▸ WORK INSTRUCTION:
Would you transcribe the listing that follows, character for character, and omit its images?

▸ MATERIAL PROVIDED:
§
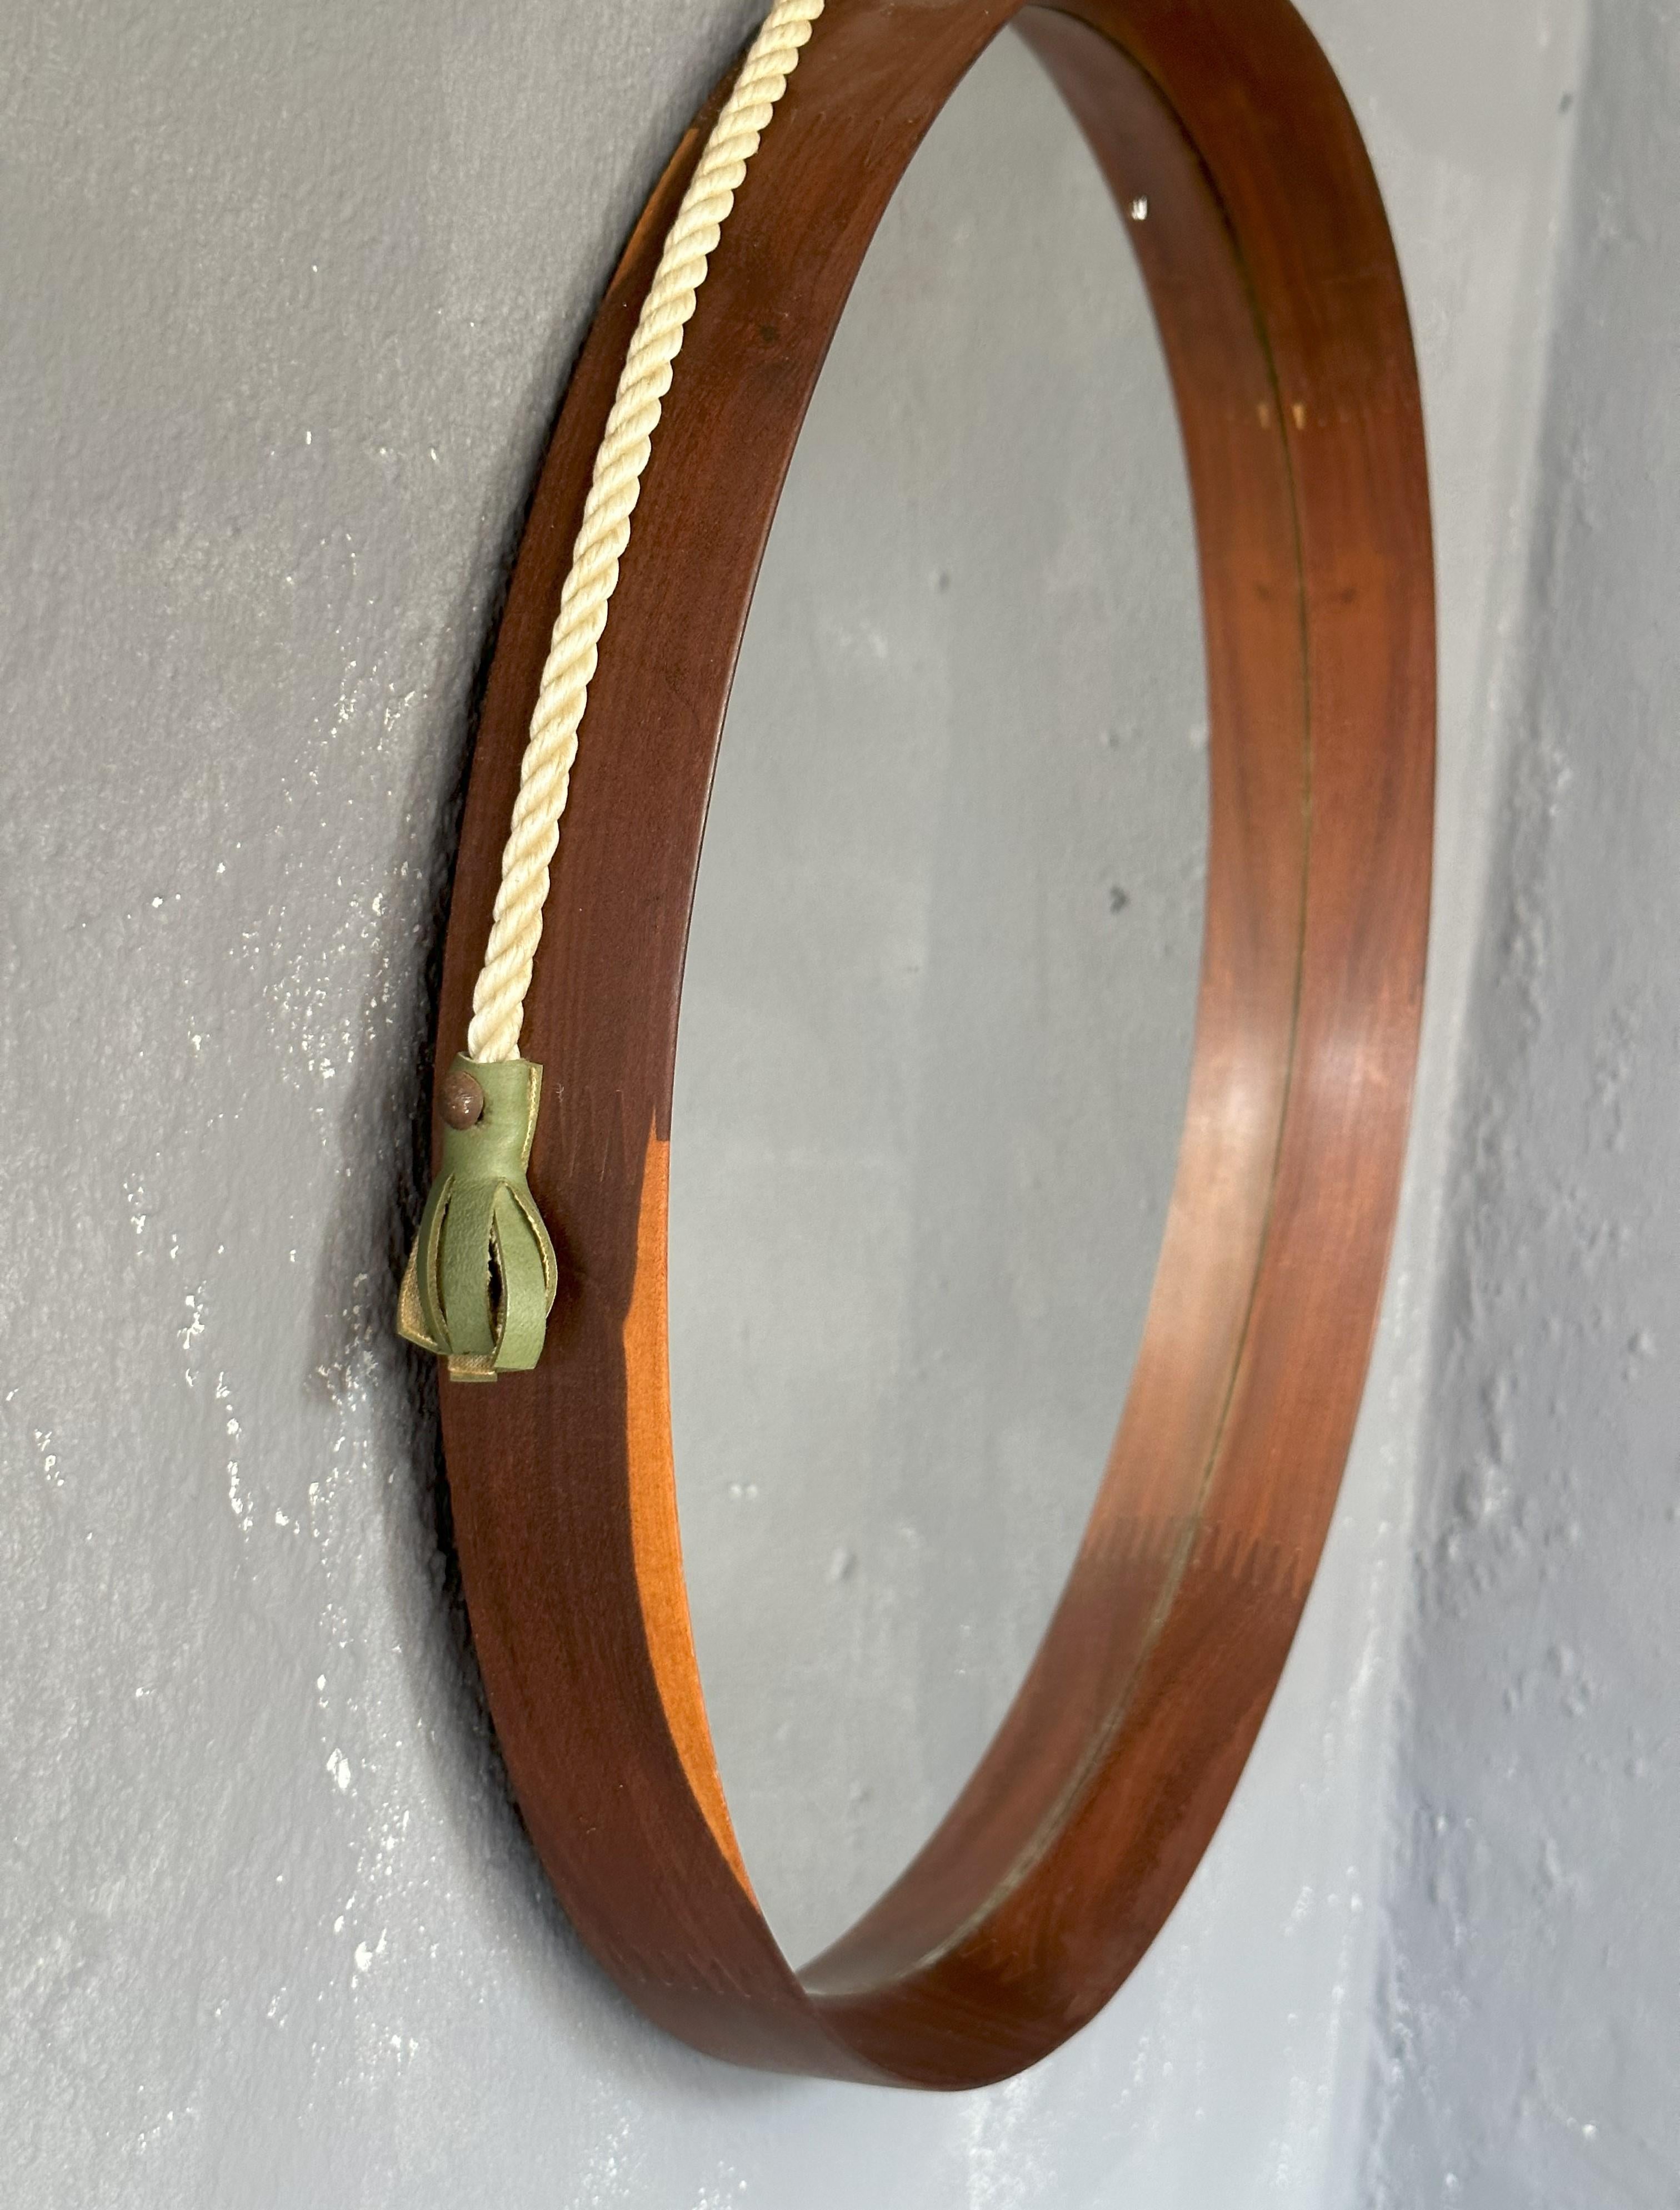 miroir rond avec corde
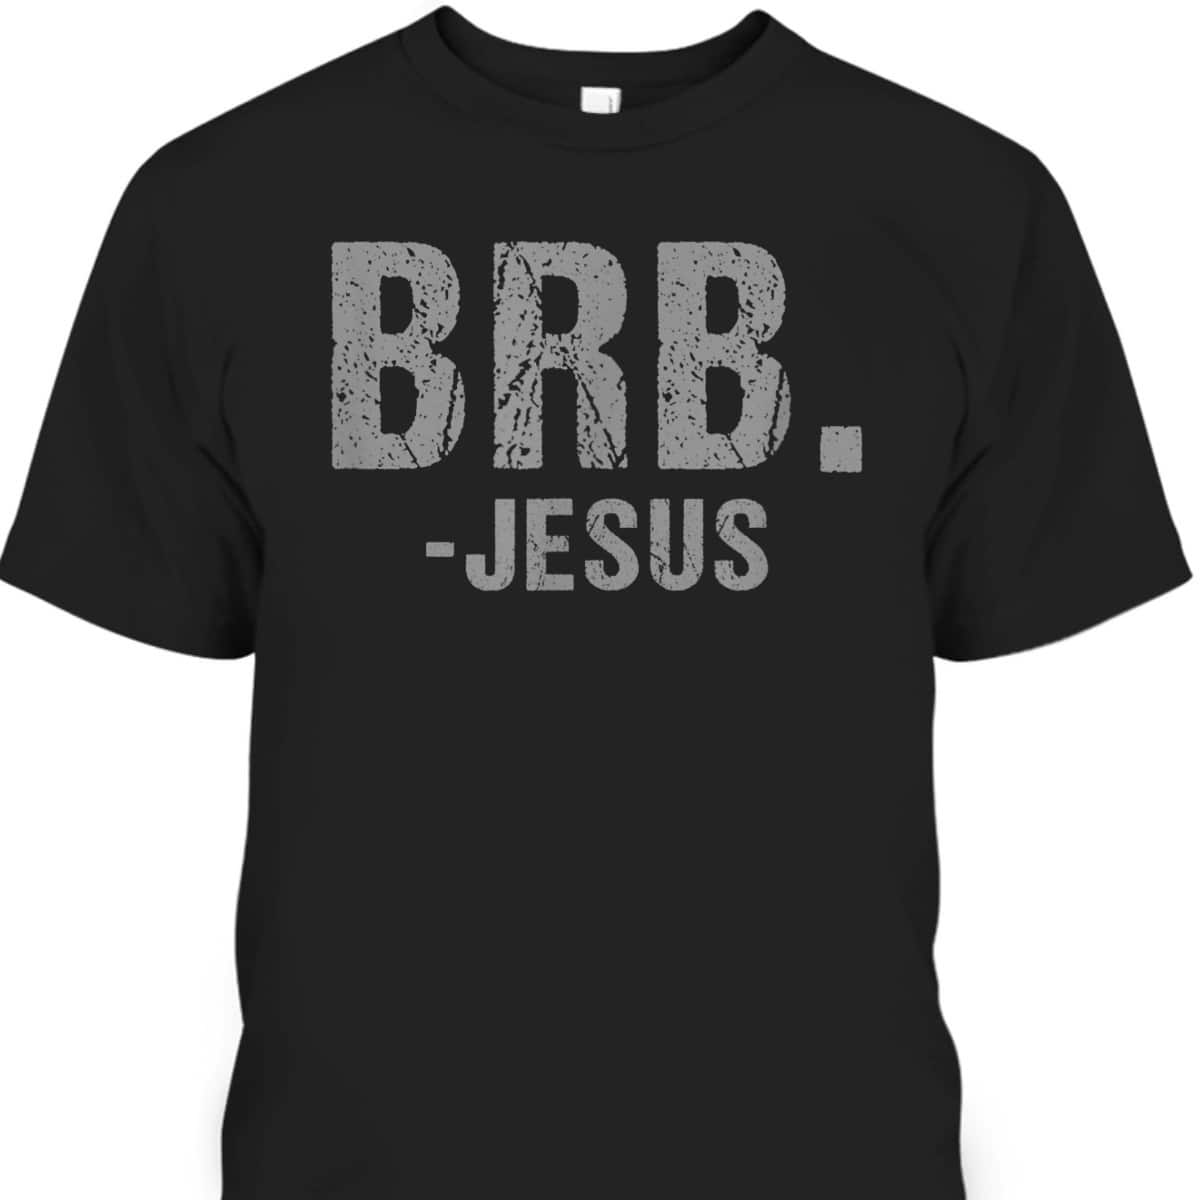 BRB -Jesus Christian Religious Funny Easter Spiritual T-Shirt
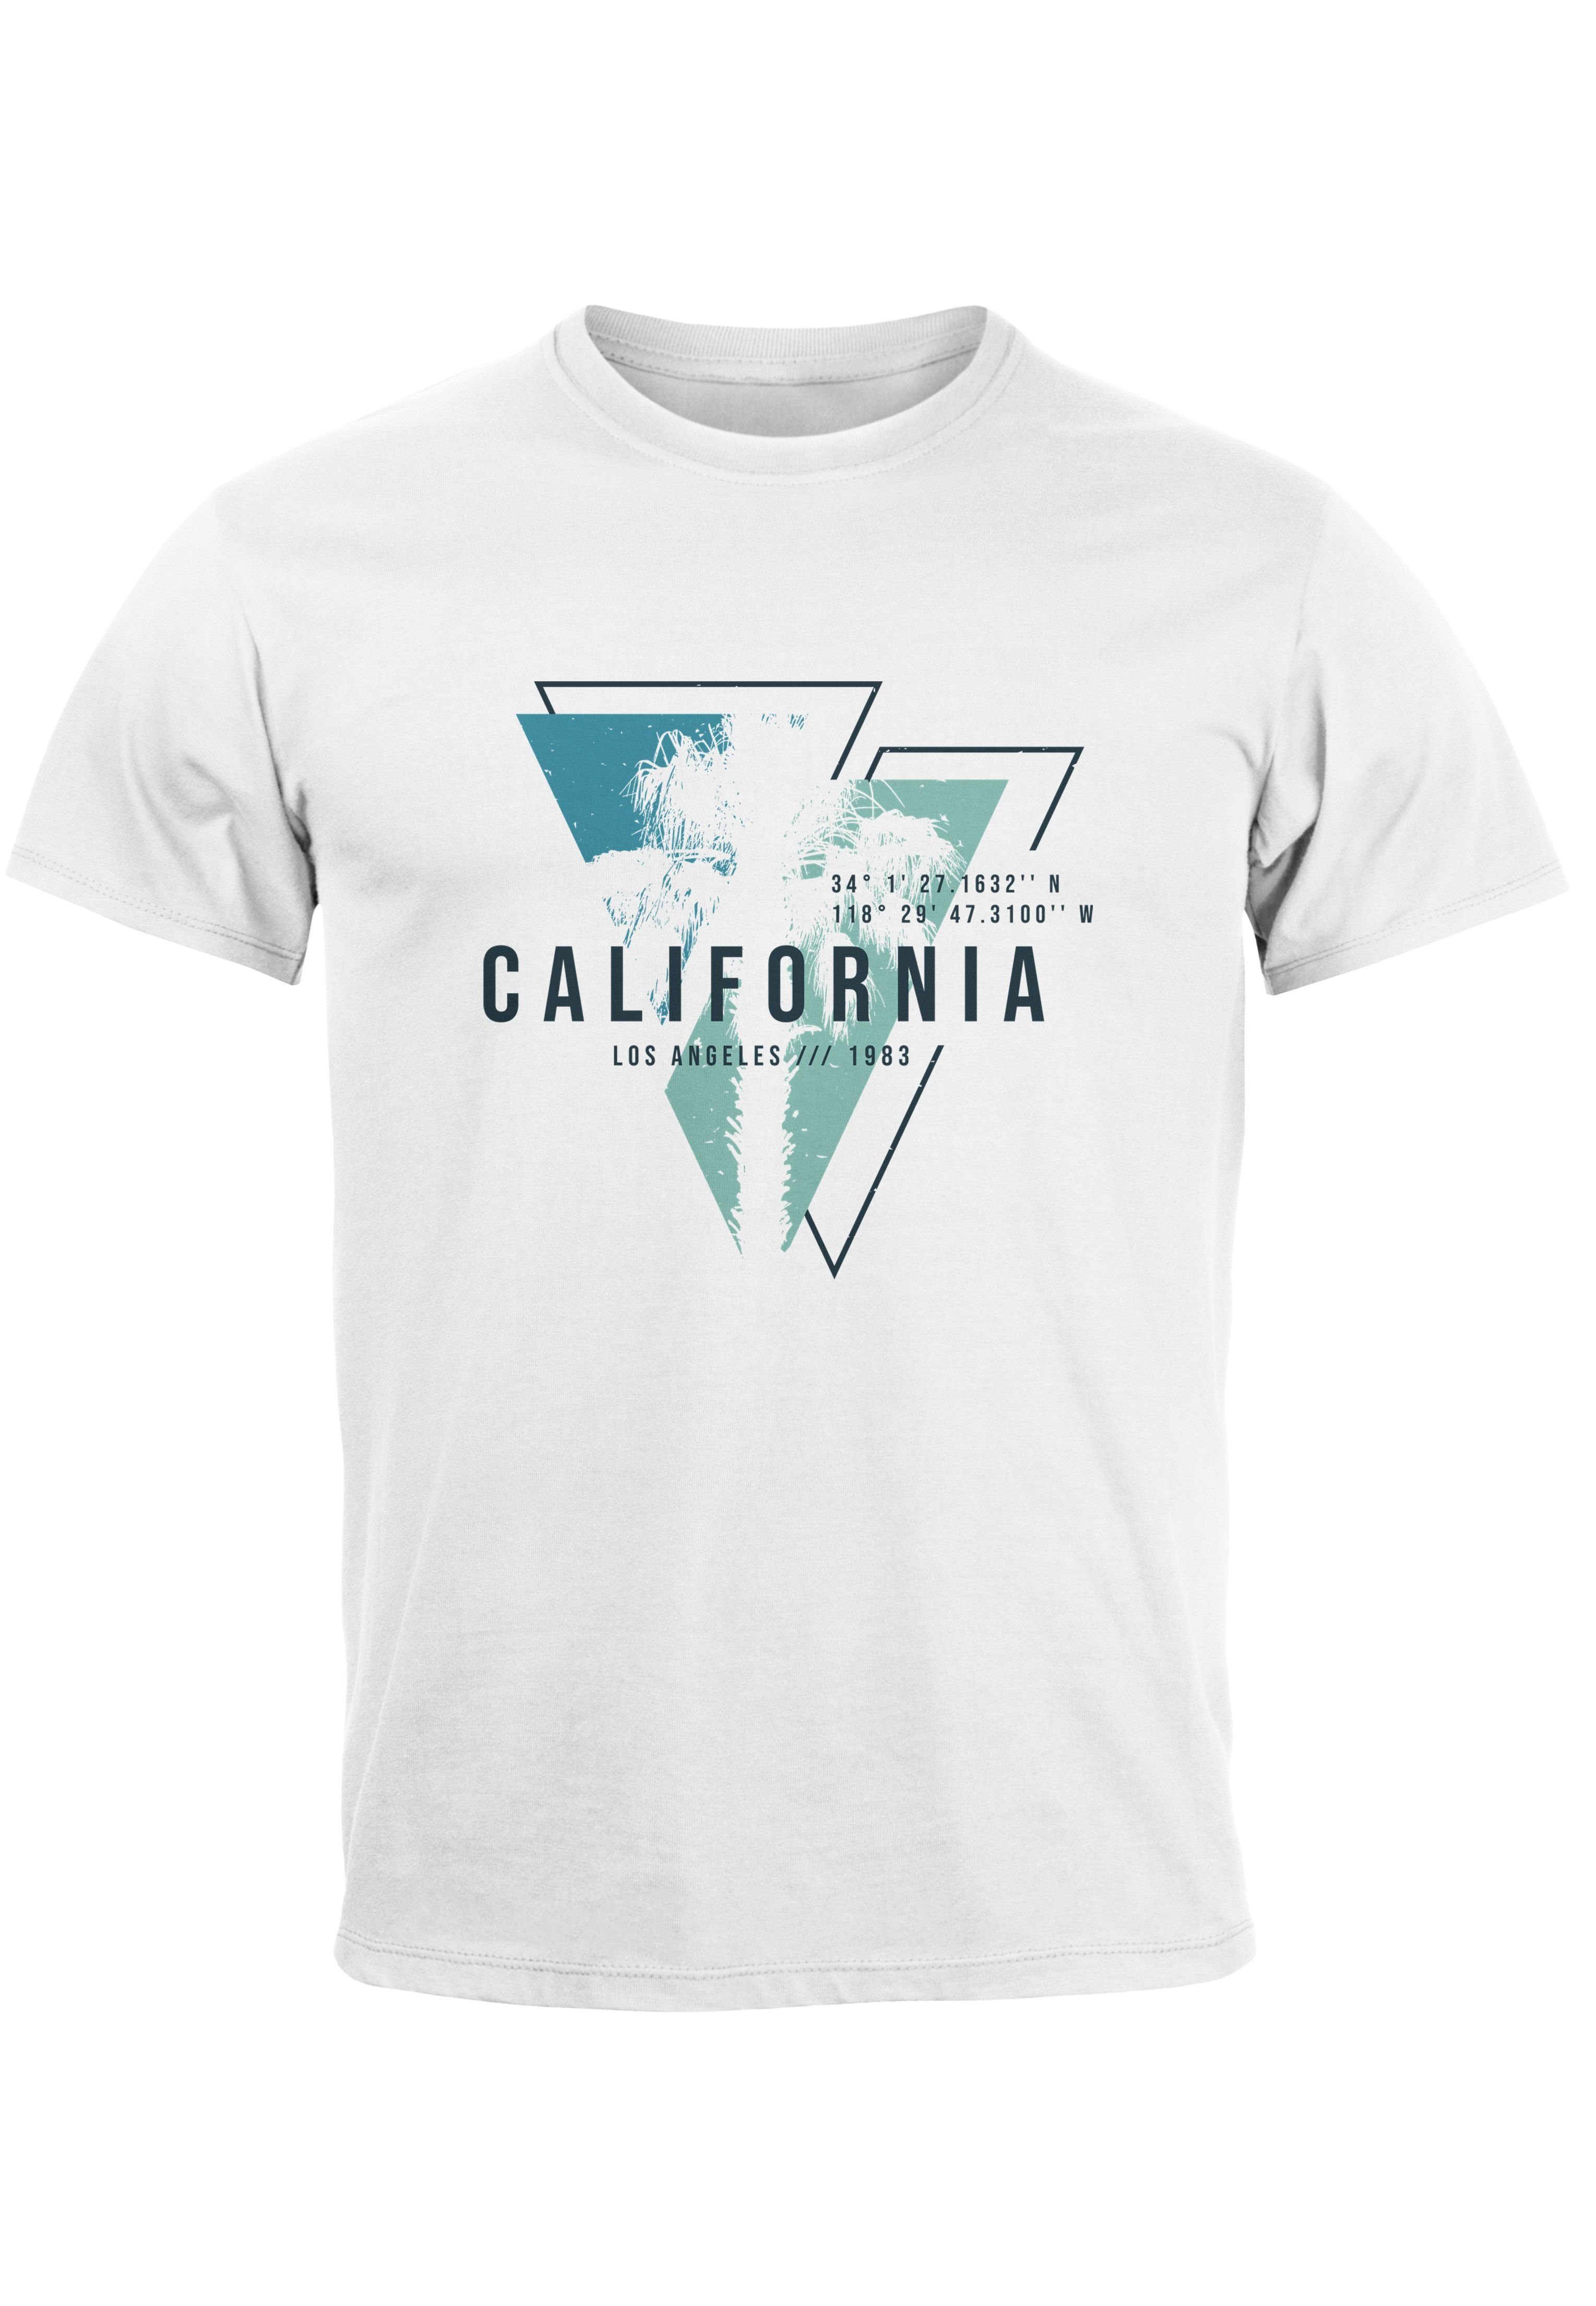 Los Fashion T-Shirt Print-Shirt USA Sommer weiß Herren mit Neverless Print Surfing Angeles Motiv California
§
▸ SOLUTION FOR THIS TASK:
 miroir rond avec corde
 BRB -Jesus Christian Religious Funny Easter Spiritual T-Shirt
 Los Fashion T-Shirt Print-Shirt USA Sommer weiß Herren mit Neverless Print Surfing Angeles Motiv California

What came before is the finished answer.